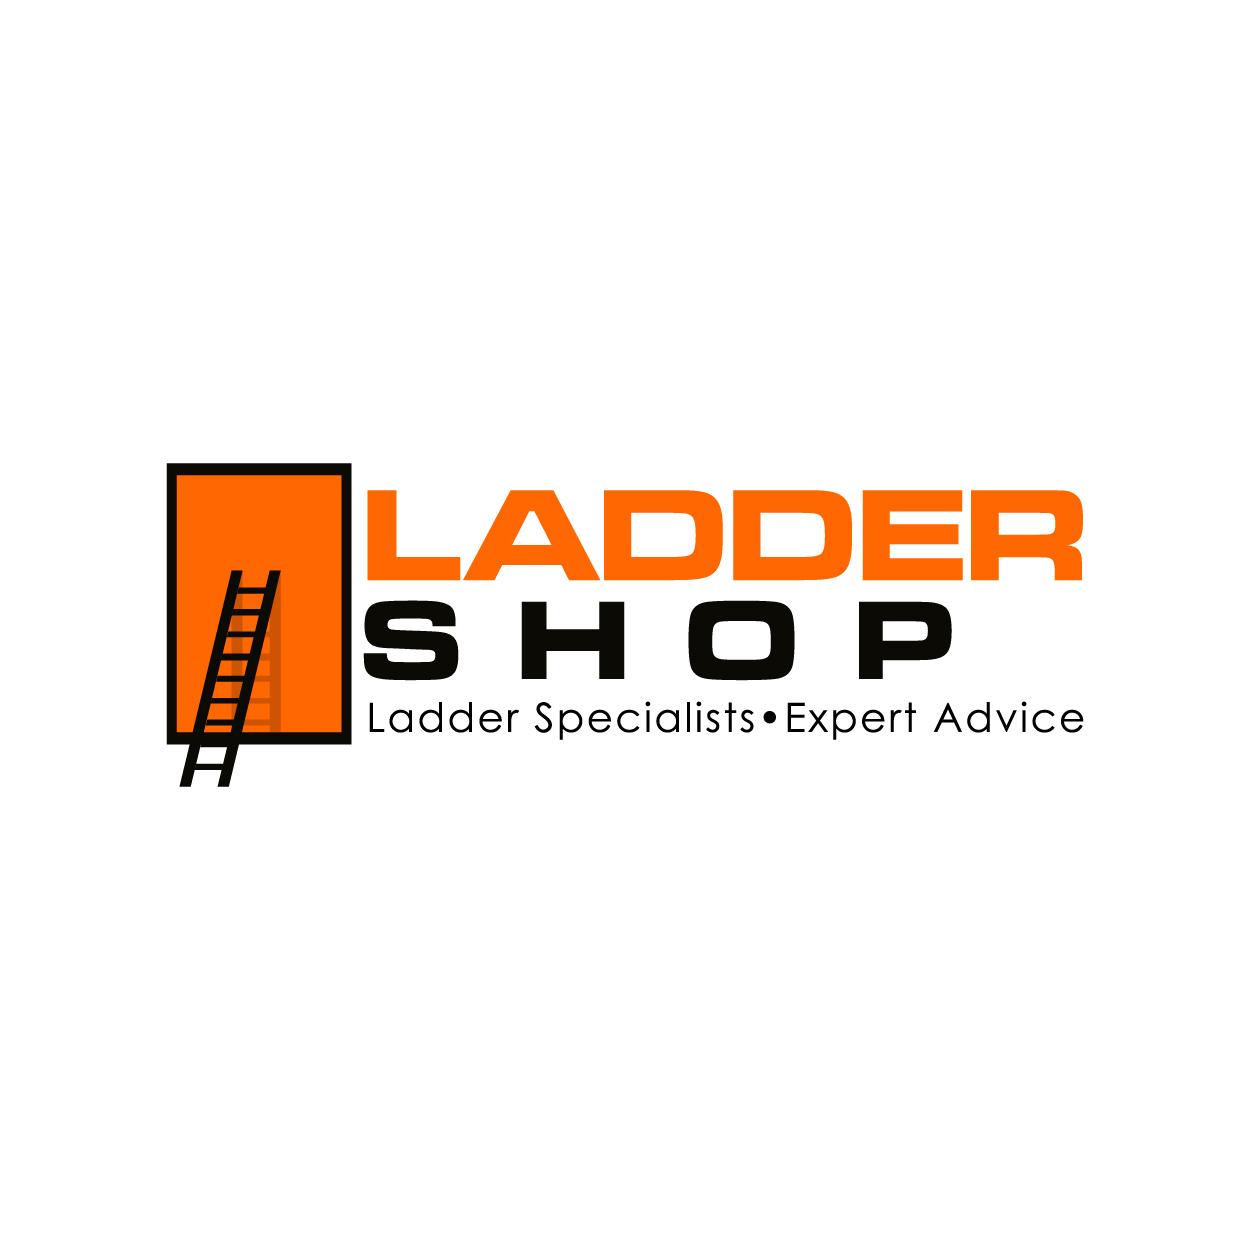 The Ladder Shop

★ ★ ★ ★

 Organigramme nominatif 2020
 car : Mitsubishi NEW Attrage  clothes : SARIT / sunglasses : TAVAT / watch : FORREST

★ ★ ★ ★

Action item: Going back over the entries above, copy word for word every line from the one that has "Organigramme nominatif 2020" on through the one that has "car : Mitsubishi".

Answer to the exercise:
 Organigramme nominatif 2020
 car : Mitsubishi NEW Attrage  clothes : SARIT / sunglasses : TAVAT / watch : FORREST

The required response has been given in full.